7.) 50 years of progress

2009 also marked the 50th anniversary of Alaska’s statehood and we celebrated our shared history with the Alaska Statehood Experience (ASE), a project of Rasmuson Foundation and Alaska Humanities Forum (AKHF) with support from the National Endowment for the Humanities. The celebration included books, plays and exhibits around the state. Another project of historical proportions received national attention this fall. For the Rights of All: Ending Jim Crow Laws in Alaska premiered on September 22 in Washington, DC, at the Smithsonian’s National Museum of the American Indian and focused on Alaska’s civil rights movement.

8.) Goodbye to an old friend

It was with great reluctance that we bid farewell to friend and program officer Joel Neimeyer as he moves on to his new position as federal co-chair of the Denali Commission. Joel was honored this year by Native Americans in Philanthropy as the recipient of the Louis T. Delgado Distinguished Grantmaker Award for 2009. Joel reflected on his time at the Foundation in a blog post this month.

9.) Building our network

With times of economic hardship sweeping the sector, the Foundation relied heavily on our peers to strategize tactics for 2009. Philanthropy Northwest selected Building Resiliency as its conference theme for the fall retreat, which provided fertile ground for how to build up and strengthen organizations in a difficult year. November saw the first gathering of the Alaska Corporate Philanthropy Seminar. Organized by Philanthropy Northwest, with support from Wells Fargo Bank Alaska, the seminar brought together 25 Alaskan companies to discuss their giving strategies.
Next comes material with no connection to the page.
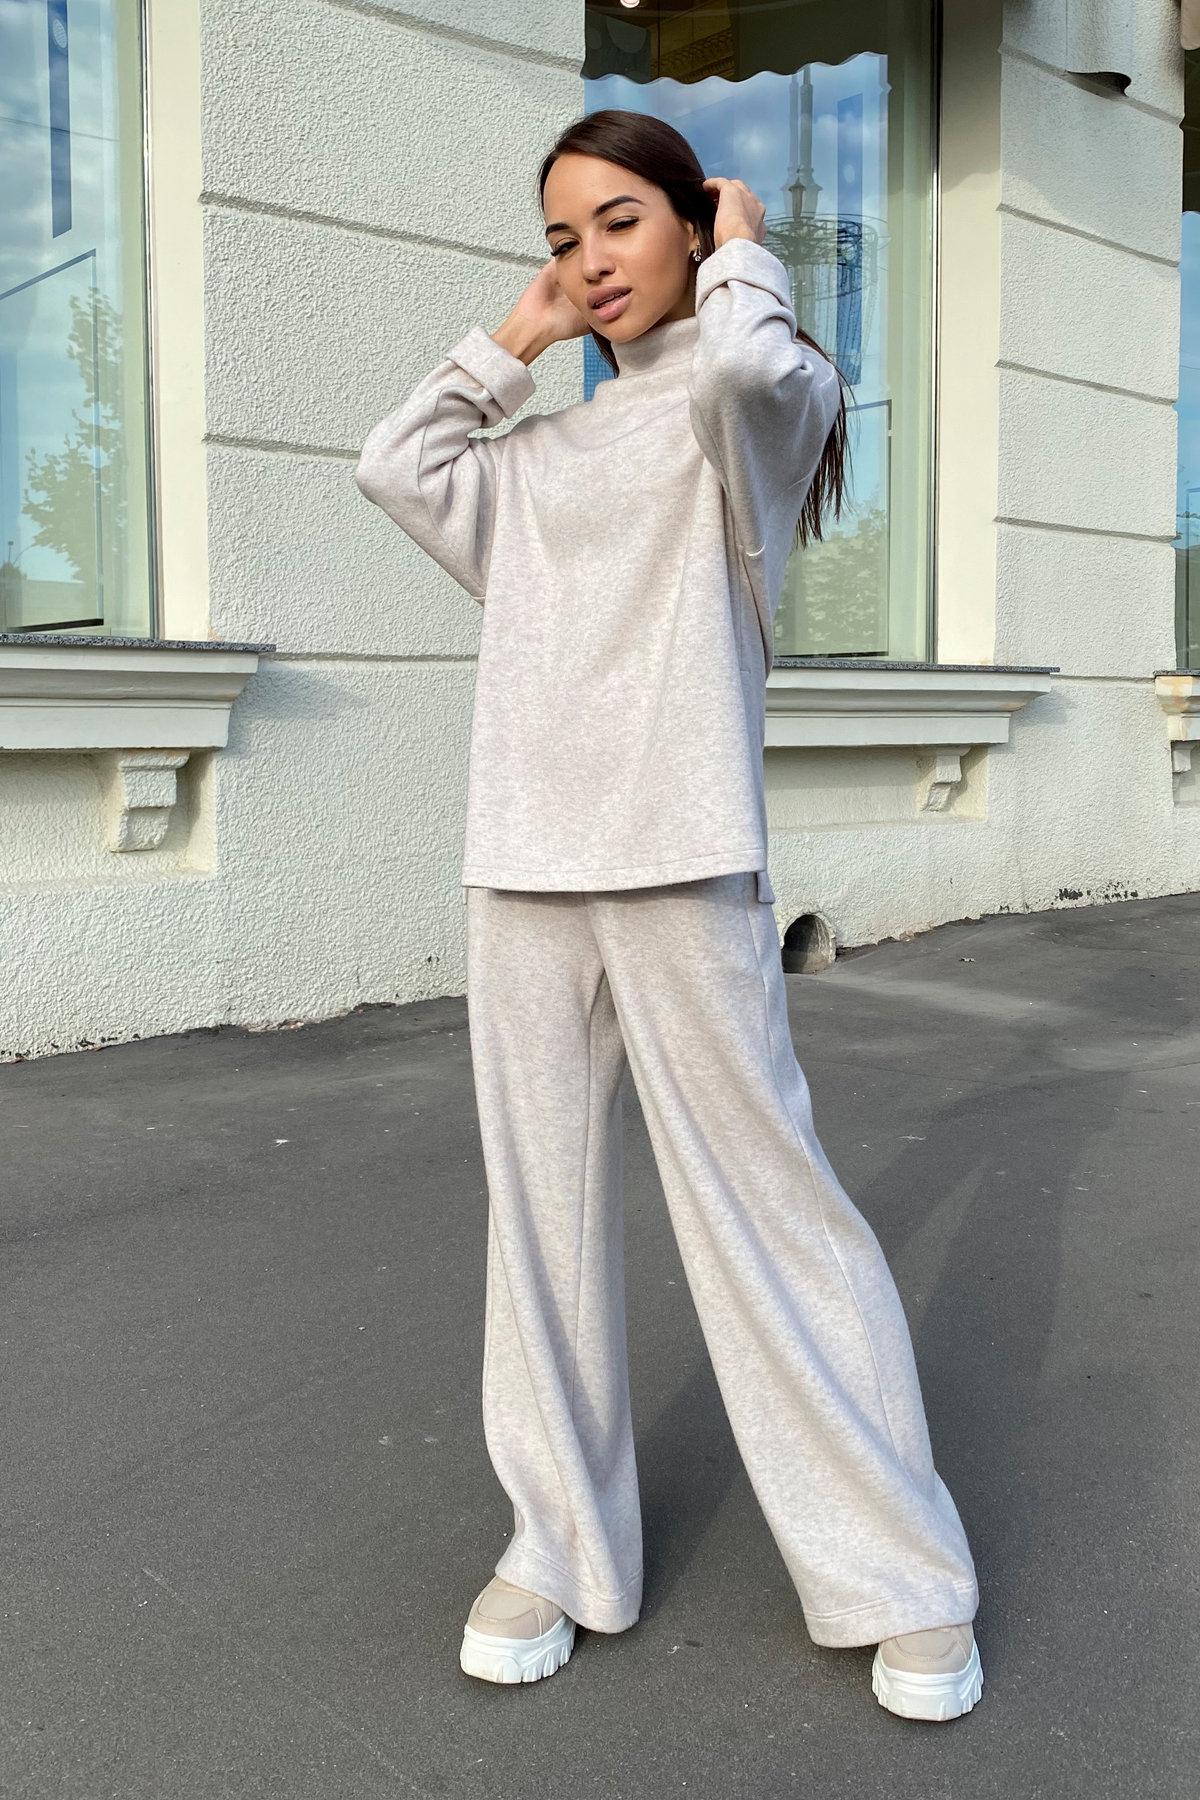 Лав Ю костюм из ангоры 9806 АРТ. 46093 Цвет: Бежевый - фото 2, интернет магазин tm-modus.ru

10.) Tundra Women’s Coalition Shelter opens

Rasmuson Foundation participates in many programs around the state—and all are cause for cheering. (Diane Kaplan was on hand in Kodiak for the ground-breaking ceremony for Kodiak Area Native Association’s new community services building.). As this year draws to a close, Rasmuson Foundation applauds the efforts of the Tundra Women’s Coalition, which opened its Domestic Violence Crisis Center and Shelter in Bethel last week. We view this project as a testament to what can happen when like-minded individuals pull together—we look forward to continuing this tradition in 2010.